Station serving Lucca, Tuscany, Italy

Lucca railway station (Italian: Stazione di Lucca) is the main station serving Lucca, Tuscany. It lies on the Viareggio–Florence line and functions as both a through station and a terminus for regional trains from Florence, Viareggio, Pisa, Livorno, and Aulla.

The station is served only by Trenitalia regional trains, covering local routes in Tuscany and nearby areas.

While important, Lucca is not the busiest hub in the province, Viareggio holds that role. The former freight yard was moved to Frizzone, between Capannori and Porcari.
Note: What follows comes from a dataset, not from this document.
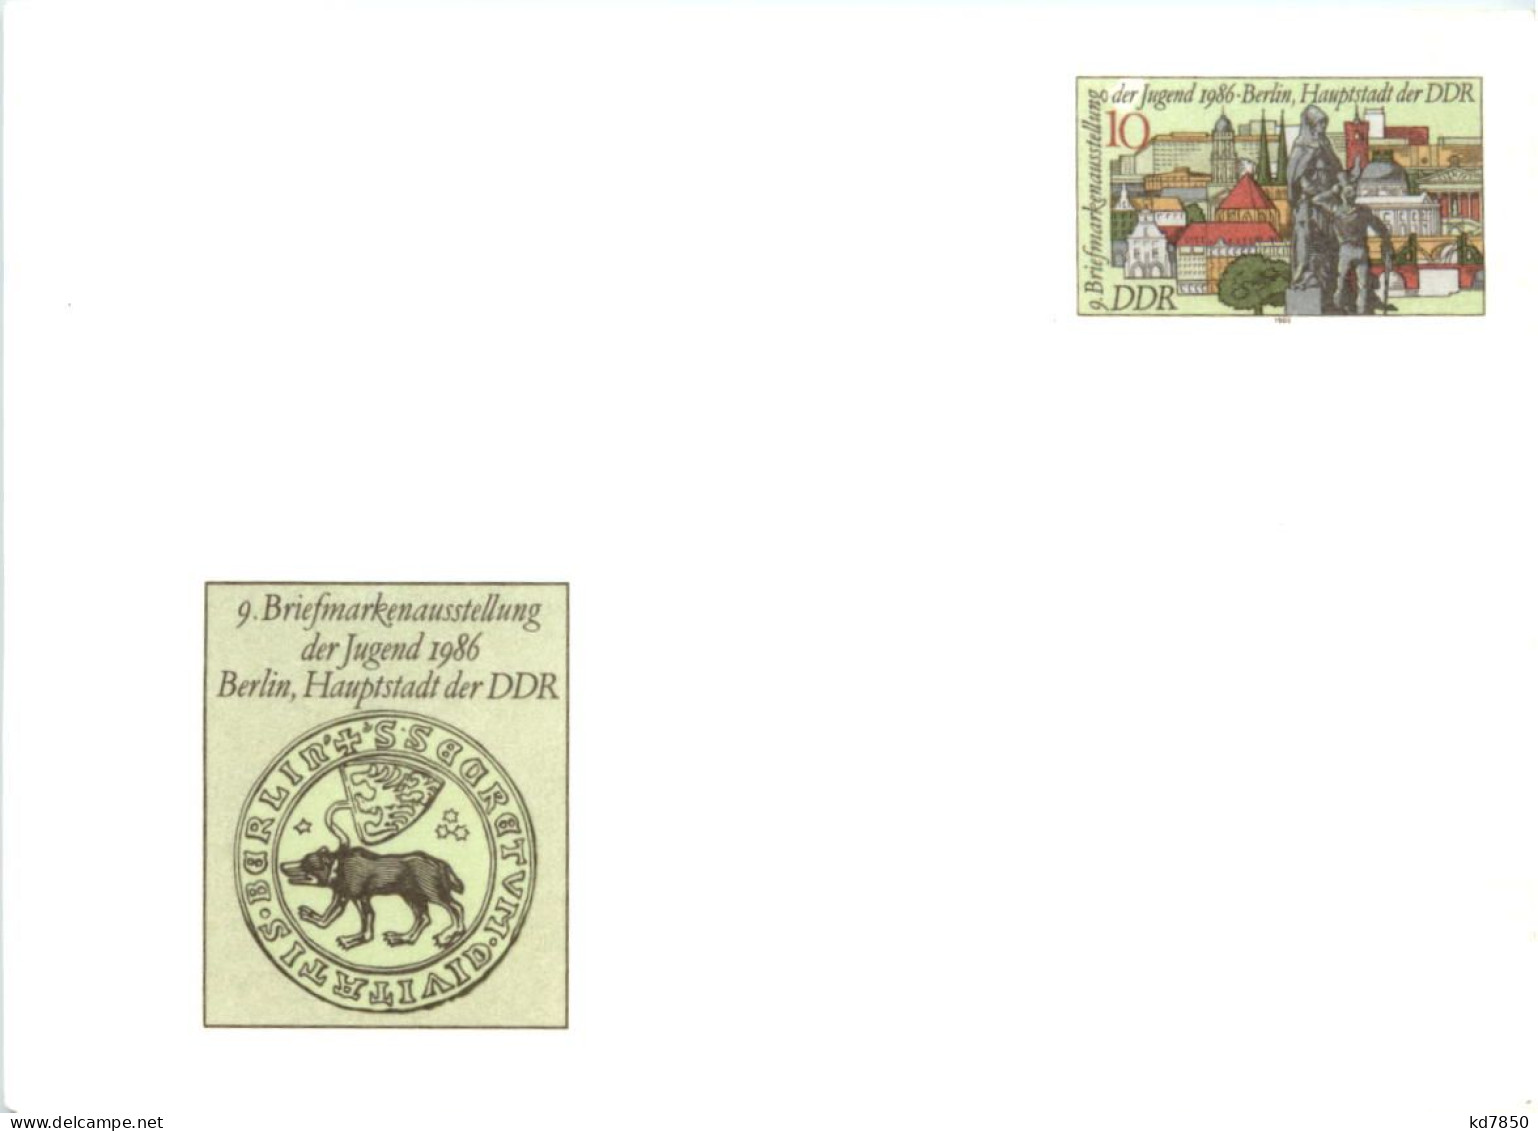 DDR - Berlin - 9. Briefmarkenausstellung 1986 - Ganzsache - Postcards - Mint

The infrastructure is managed by Rete Ferroviaria Italiana (RFI), and commercial areas by Centostazioni.

== History ==
The passenger building was designed in the early 19th century by German engineer Enrico Pohlmeyer, who created the station's layout, and local architect Giuseppe Pardini, responsible for the architectural elevations. The building was officially inaugurated on 29 September 1846. The façade features a double row of arches and, despite modifications over time, retains much of its original 19th-century appearance.

Beginning in 1884, the station forecourt served as the terminus of the Lucca–Ponte a Moriano tramway, whose urban section passed beneath the city's walls via the tunnel known as the sortita Cairoli. This tram stop, near the Porta San Pietro, included a masonry building used by the tramway company, a central canopy, a water tank for steam locomotives, and a connecting track to the nearby freight yard—although not linked to the national rail network. The line ceased operations in 1932.

The Lucca–Monsummano tramway, a narrow-gauge electric line, also had a stop near the station. It was inaugurated in 1907 and operated until 1957.

From 1928 to 1944, Lucca station served as the northern terminus of the Lucca–Pontedera railway, a standard-gauge line intended to link Lucca with the Valdera region. Passenger service ended in 1944 due to wartime damage. The line was officially closed on 21 February 1958 and dismantled by October that year. A short segment remained in use for freight traffic to the San Donato industrial area until the early 2000s, before falling into disuse.

On 6 January 1944 at 13:06, the station and the San Concordio district were bombed by 22 Martin B-26 Marauder aircraft of the USAAF's 319th Bomber Group, launched from bases in Sardinia. The raid dropped 124 500-pound bombs, killing 24 civilians, injuring dozens, and severely damaging the Lenzi Mechanical Workshops, the passenger building, tracks, and freight facilities.

The station's freight yard was decommissioned in 2015 to ease truck traffic in the surrounding area. A new facility was inaugurated that same year in the Frizzone area, between the municipalities of Capannori and Porcari. In 2021, the city of Lucca acquired the former freight yard with plans to convert it into a regional bus terminal. As of 2025, the site remains in a degraded condition, pending redevelopment.

On 22 May 2023 work began on a new pedestrian and bicycle underpass designed to connect the city's historic walls with the station at Piazzale Ricasoli. The underpass was inaugurated on 14 May 2025.

Restoration works on the main station building began on 3 July 2023.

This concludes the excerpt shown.